At Telos Health, an Imperative Care company, we are developing novel robotic-assisted technologies and interventional capabilities that will forever change the disparate outcomes of ischemic stroke – a disease that impacts close to a million people a year in the U.S., and 10 million worldwide.  Not only is Telos changing the way stroke is treated, but also bringing this treatment to the greater population who is currently without. We are actively building a team who is focused on developing novel solutions for this complex disease – a disease in which one in four adults will face in their lifetime.

What You’ll Do
We are looking for a talented principal clinical engineer and expert professional leader to help shape Telos’ technology through intuitive design and meaningful clinical application.
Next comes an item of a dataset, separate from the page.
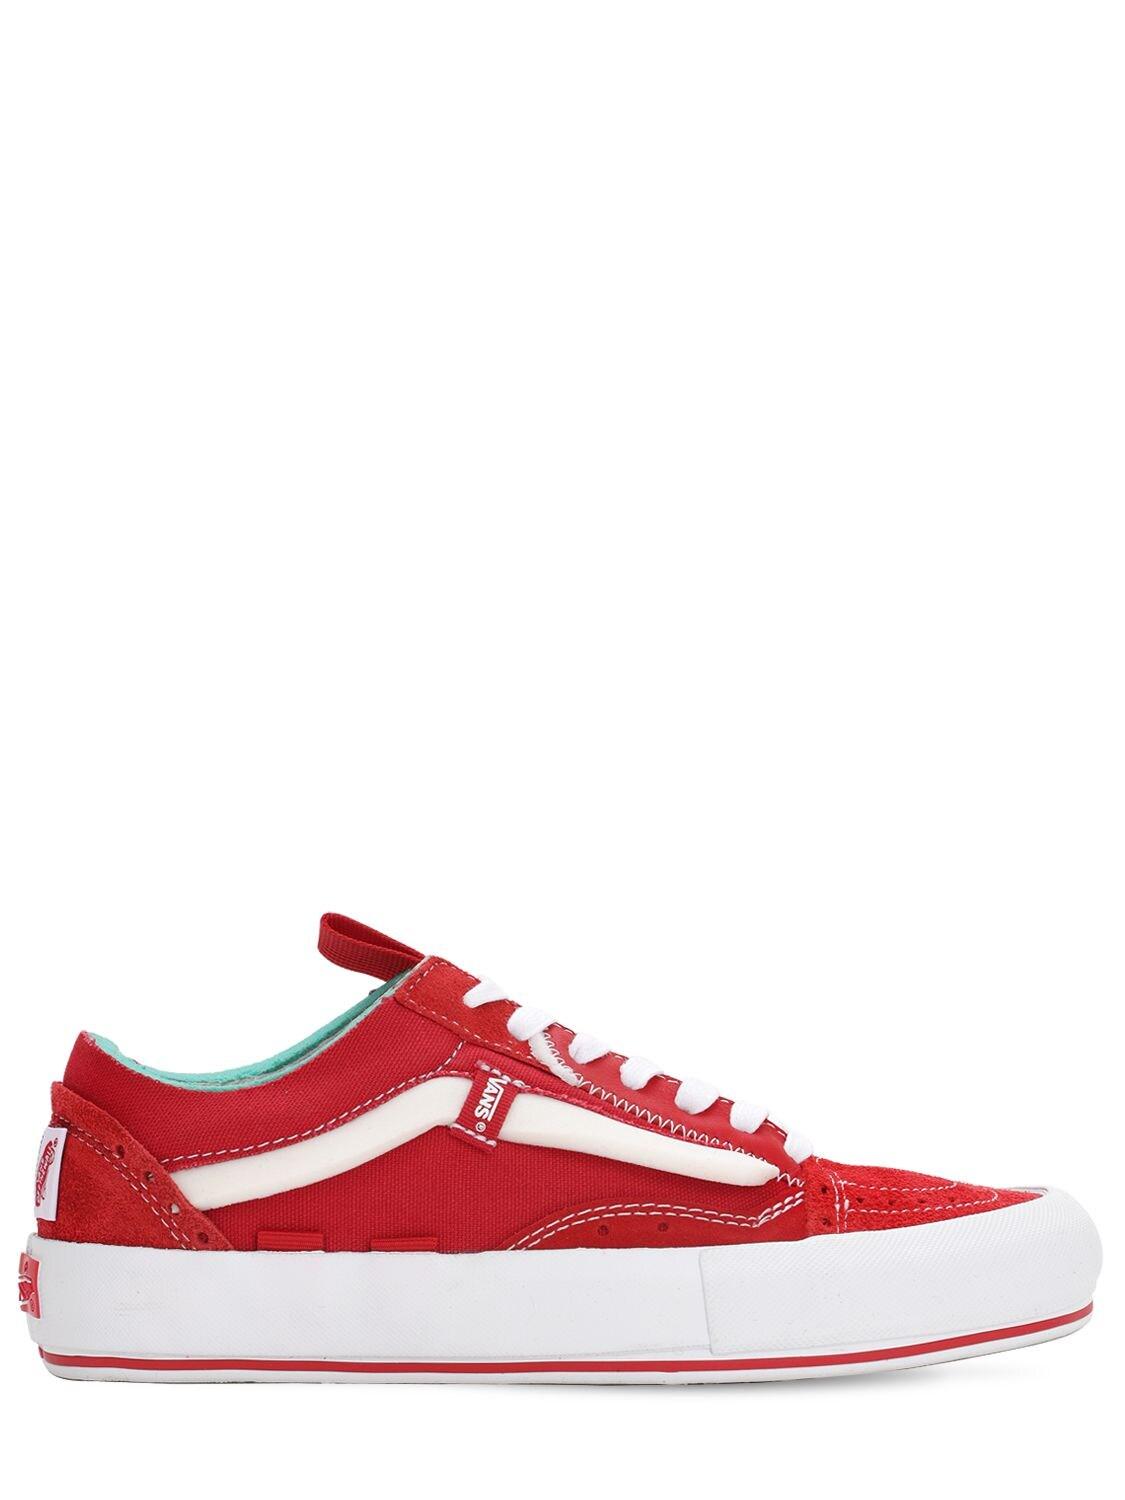 Vans Old Skool Cap Suede & Canvas Sneakers in Red for Men - Lyst

You will be responsible for translating user needs into relevant design requirements and validating through preclinical studies.
A Principal Clinical Engineer has real world clinical experience in the neurovascular field and understands the intricate nuances to what is clinically meaningful to physicians when using our products. The ideal candidate also has a strong communication and leadership skills as well as a proven ability to work cross-functionally between physician advisors, R&D, marketing, and clinical affairs.
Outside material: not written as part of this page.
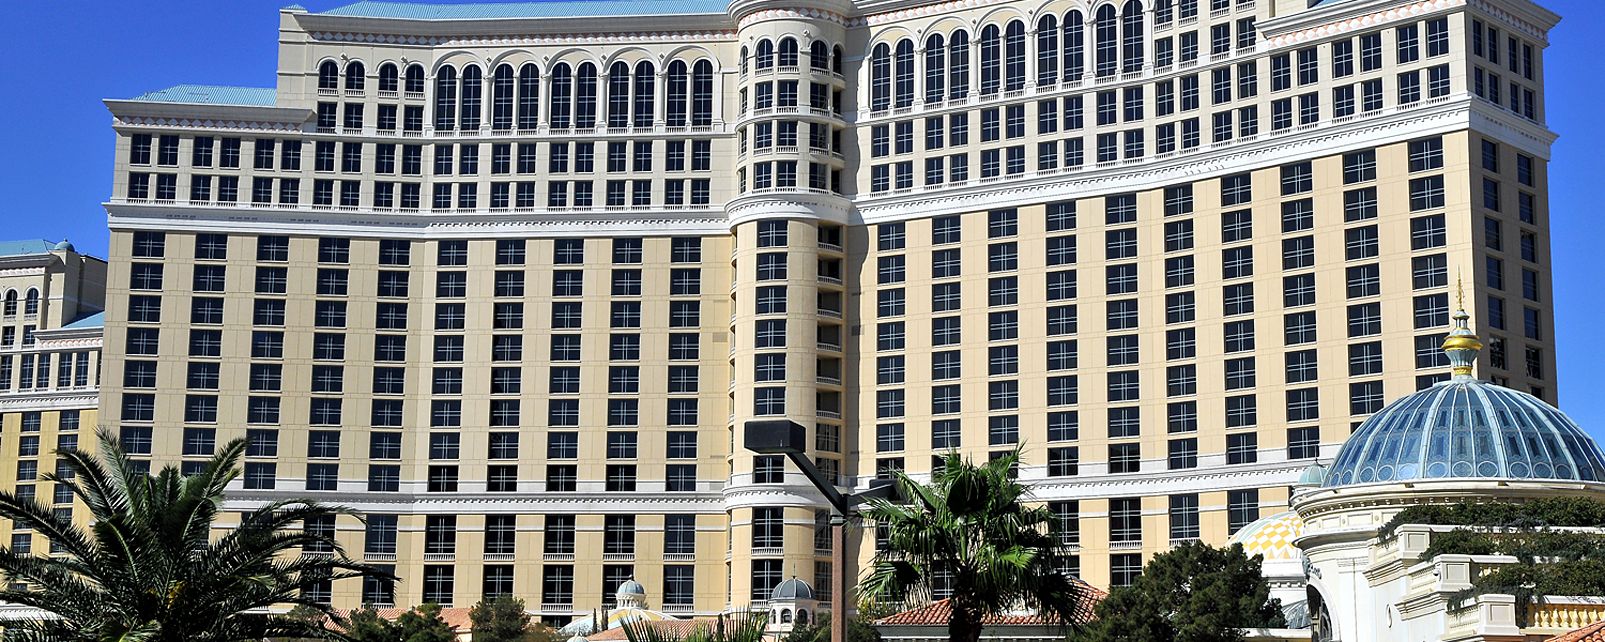 Hotel Bellagio Resort Las Vegas

  • Build relationships and Interface directly with clinician customers and advisors
  • Understand and drive education around how product(s) will be used clinically and how they affect the Company’s businesses.  
  • Thoroughly understand the current clinical procedures and associated products in order to provide specific and direct insight into product development recommendations.
  • Thoroughly understand the current anatomy to the level of educating current employees and new hires in order to provide effective insights to drive engineering developments
  • Interface with project teams, marketing, and senior management to manage technology demonstrations and evaluations for physicians, employees, investors, etc. as requested
  • Proactively seek out new information to establish, train, and maintain high quality pre-clinical testing capabilities including but not limited to: Good Manufacturing Practices, applicable FDA and Regulatory requirements.
  • Establish and execute detailed plans to support internal development projects with preclinical testing including bench testing, model development needs, in-vitro test methods and plans and pre-clinical studies
  • Mentor team, organize and lead team meetings.
  • Develop and maintain budget for pre-clinical department to support projects and to continually develop and improve internal testing capabilities
  • Support project teams to ensure pre-clinical testing of new products are conducted within the design control and quality system
  • Support creation and execution of design verification and testing plans
  • Plan and lead team regular meetings to facilitate communication and decision making
  • Ensure products are designed, developed, tested, manufactured and documented in accordance with regulatory requirements for approval of products by US and foreign regulatory agencies.
  • Provide regular feedback to management regarding project status, as well as other critical issues which affect the attainment of project completion dates.

What You’ll Bring:
  • Bachelor's degree in Mechanical or Biomedical Engineering or related discipline with 12+ years of related experience; or 8+ years with MS or Advanced degree; or equivalent combination of education and work experience in the medical device or related regulated industry.
  • Experience should include 5+ years in pre-clinical/technical innovation role, with specific focus on the process, GLP, HFU, and/or assessing design and usability of endovascular devices, preferably for neurovascular use.
  • Proven ability to work constructively with people at all levels of company, including senior management
  • Proven ability to collaborate effectively with others to accomplish project goals
  • Multiple experiences in product development and execution through significant portions of the product development cycle
  • Experience with developing products under design control per ISO 13485 quality or comparable quality system
  • Prior experience in leading/mentoring an experienced clinical engineering or technical team in the execution of something novel
  • Experience and involvement with MDRs, IDEs, PMAs and 510(k) filings
  • Solid knowledge and interpretation of applicable regulations, guidelines and policy statements (QSR, MDD, and ISO)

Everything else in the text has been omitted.